What needs to be done:
Images are not wanted; transcribe the rest of the listing exactly.
┌─ Data extract
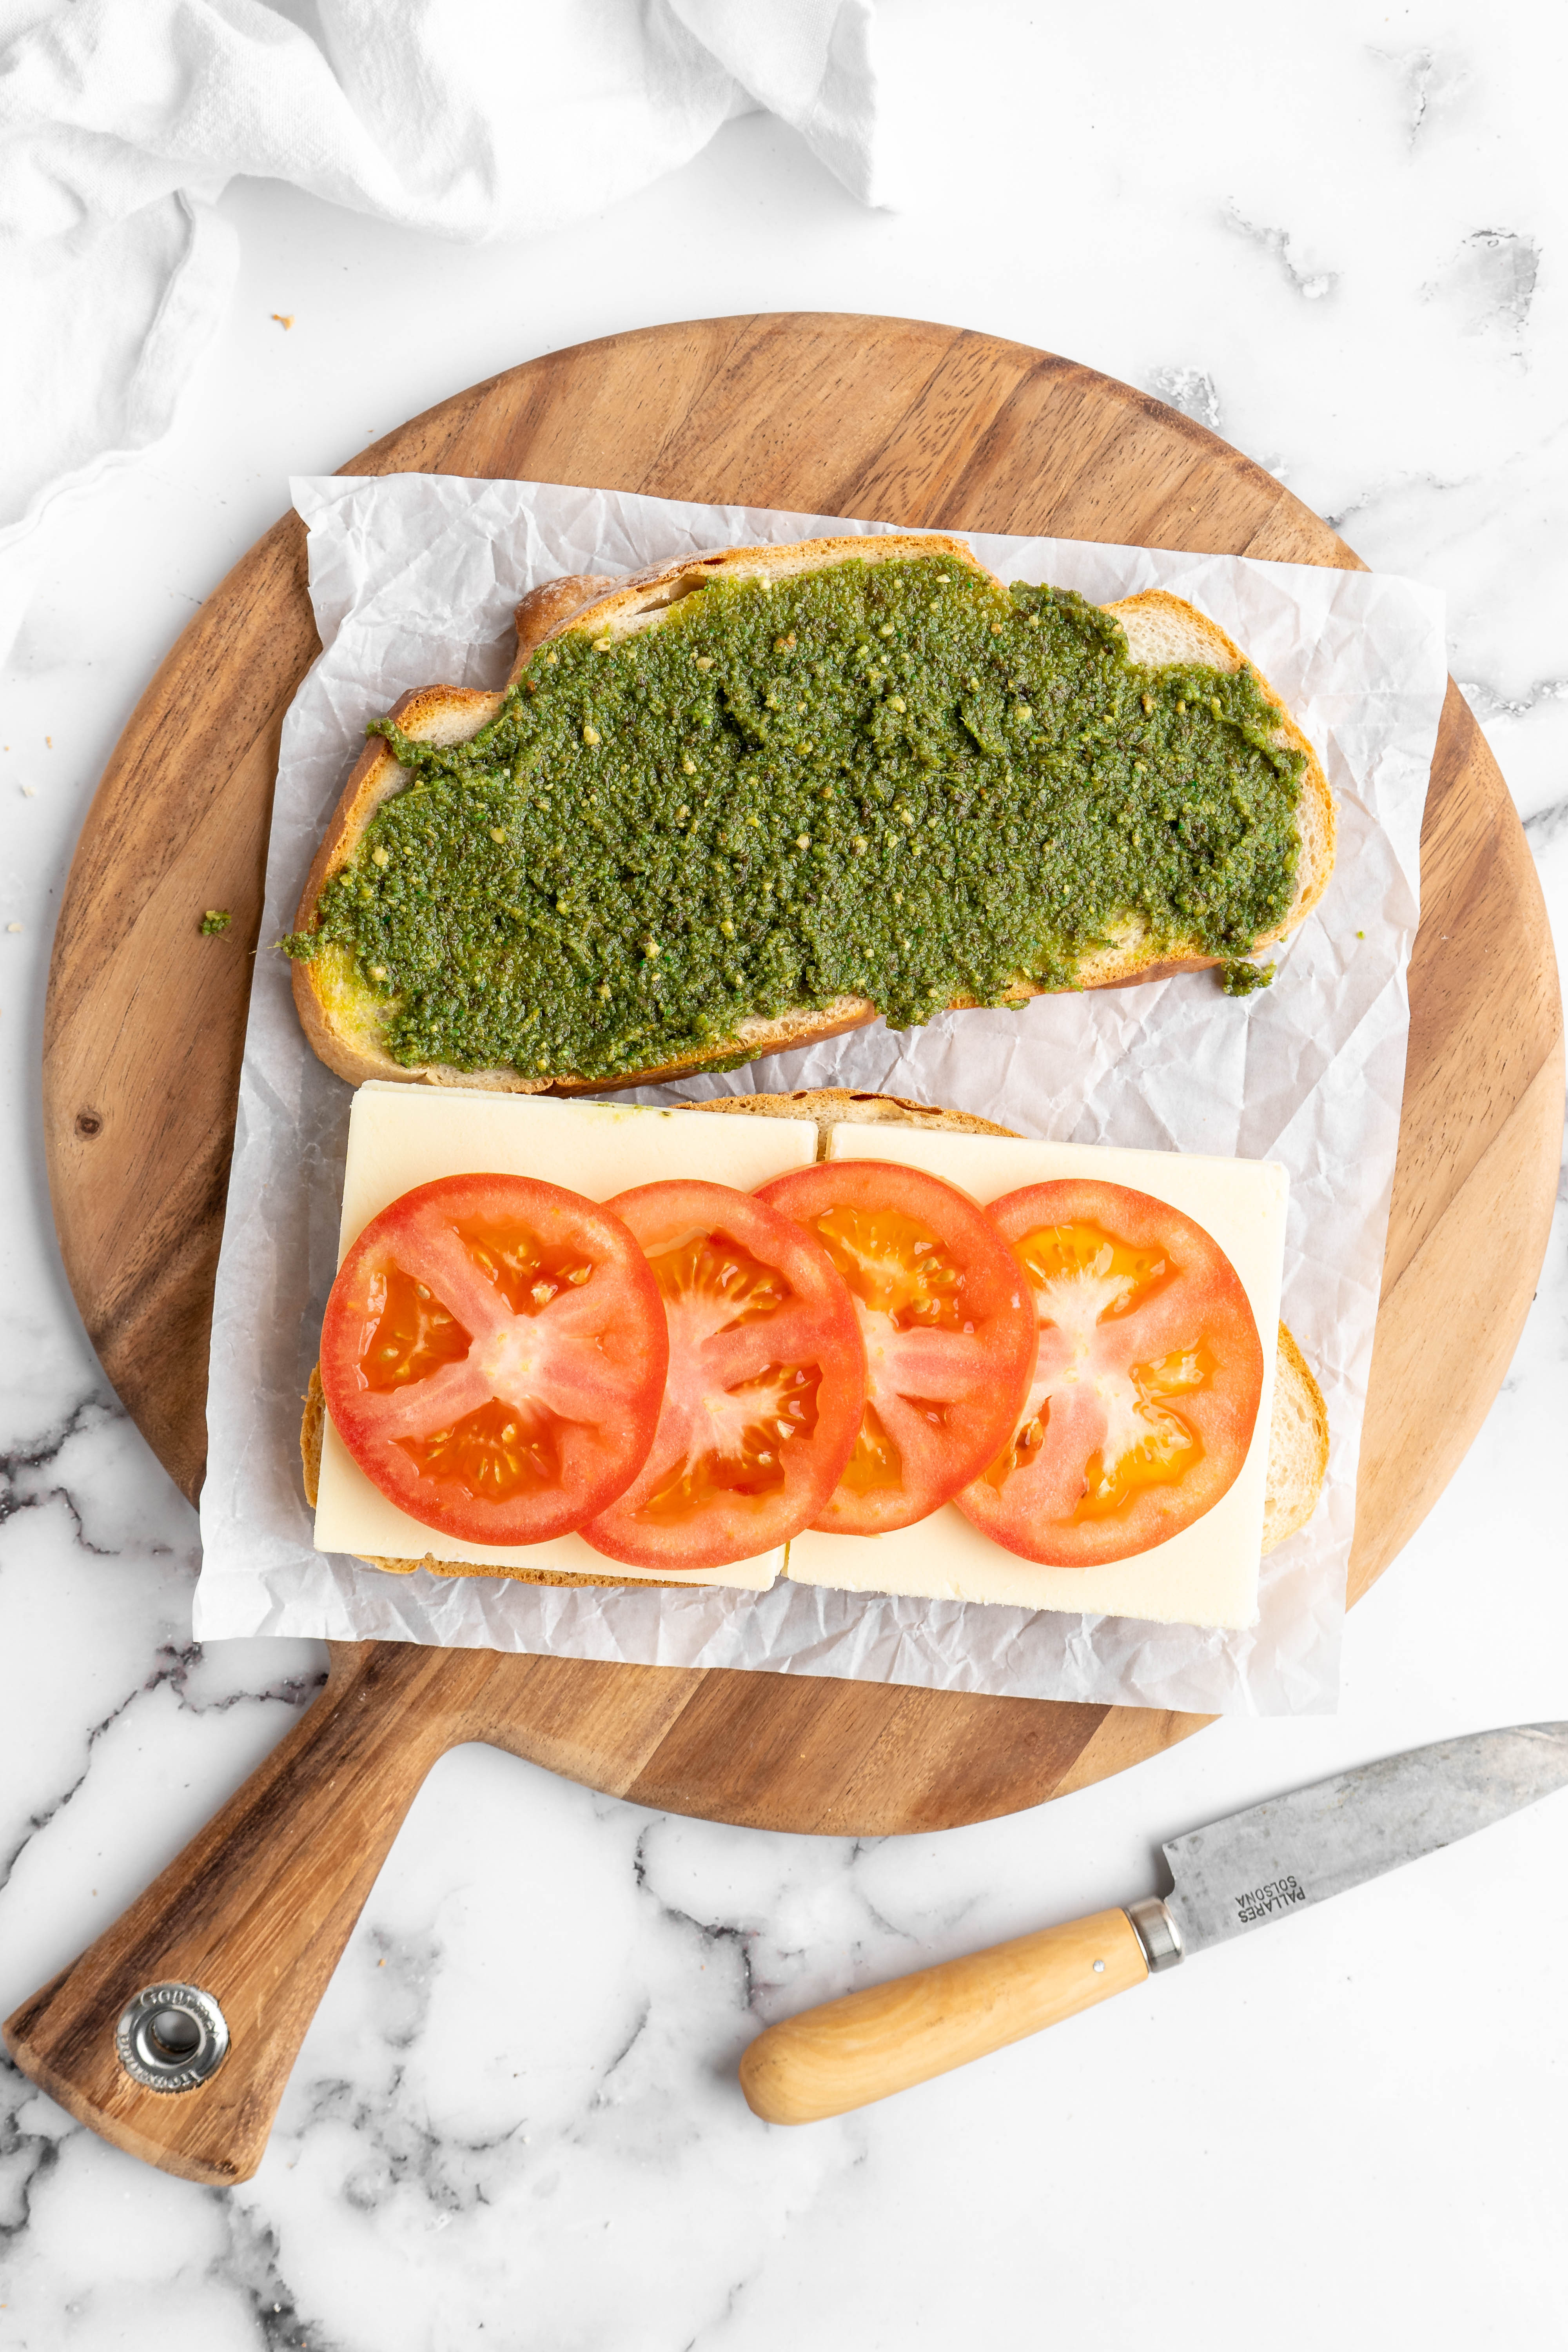 One slice of bread spread with pesto, another topped with mozzarella and tomatoes on round cutting board
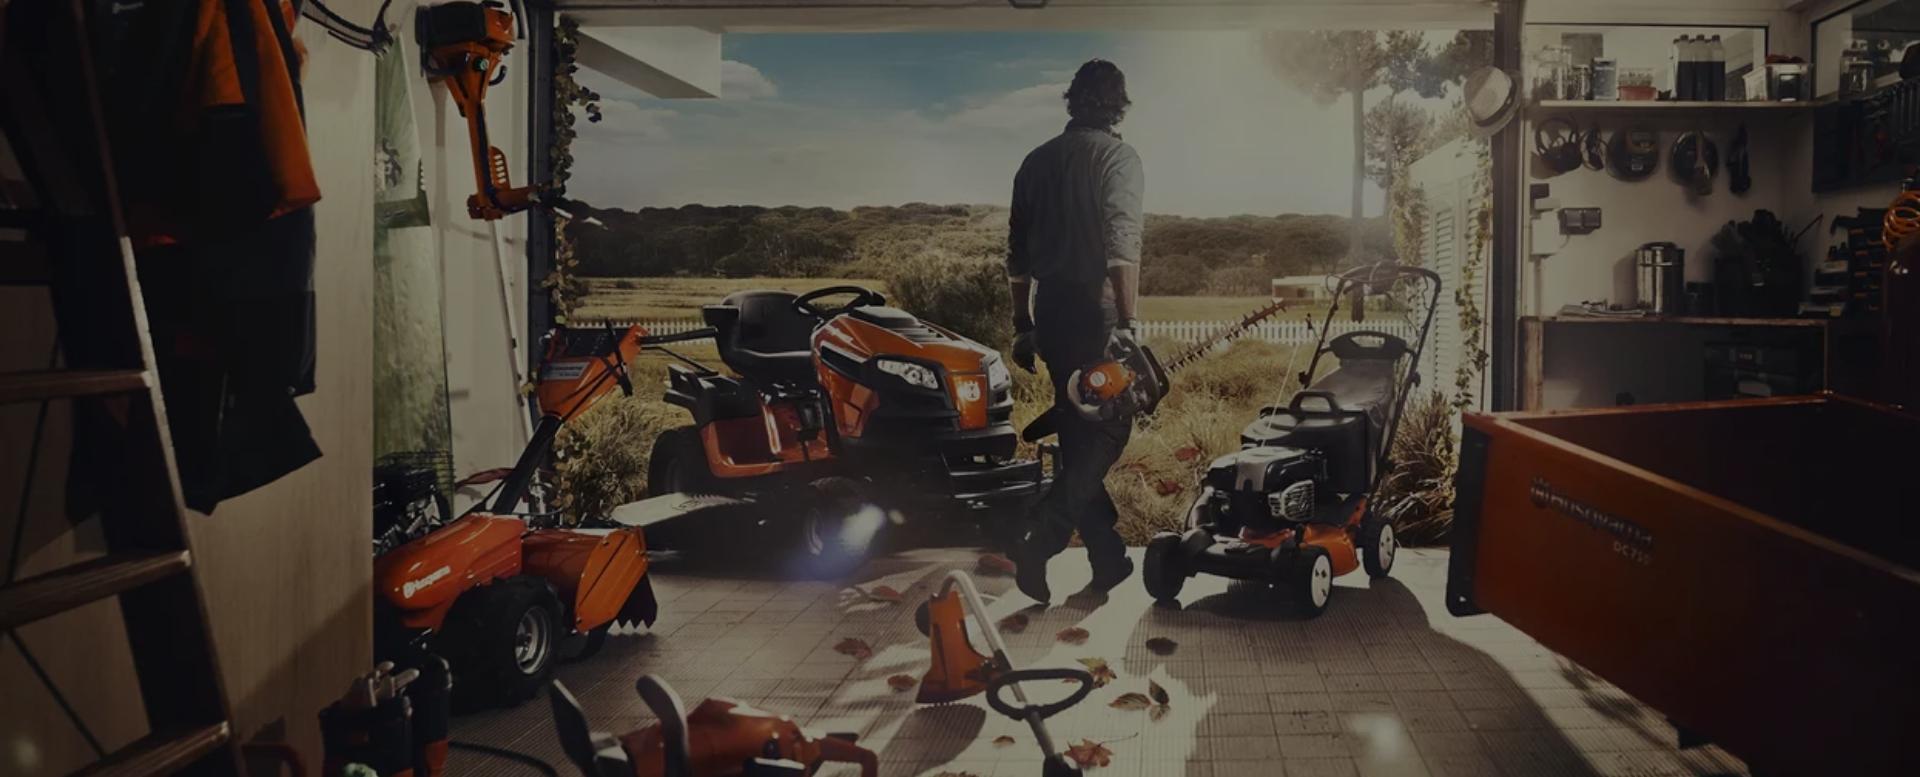 Husqvarna products are available at Leslies Outdoor Power Equipment
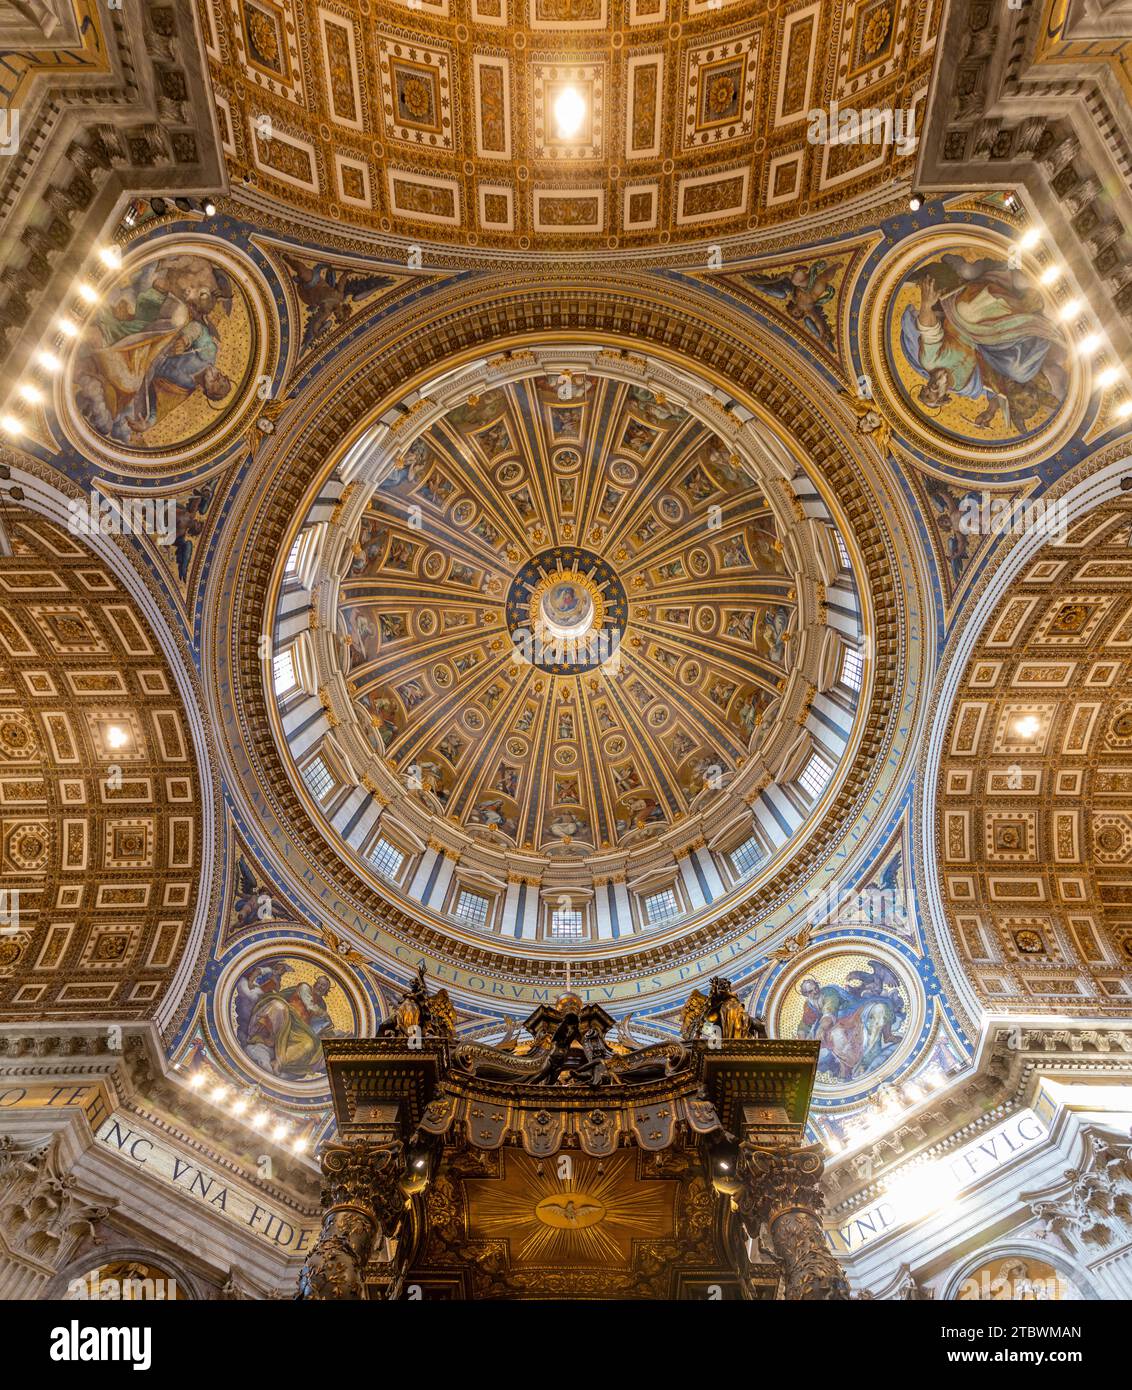 A picture of the huge dome of the St. Peter's Basilica, the altar and the surrounding frescoes and architecture as seen from the inside Stock Photo
└─
Result below:
 One slice of bread spread with pesto, another topped with mozzarella and tomatoes on round cutting board
 Husqvarna products are available at Leslies Outdoor Power Equipment
 A picture of the huge dome of the St. Peter's Basilica, the altar and the surrounding frescoes and architecture as seen from the inside Stock Photo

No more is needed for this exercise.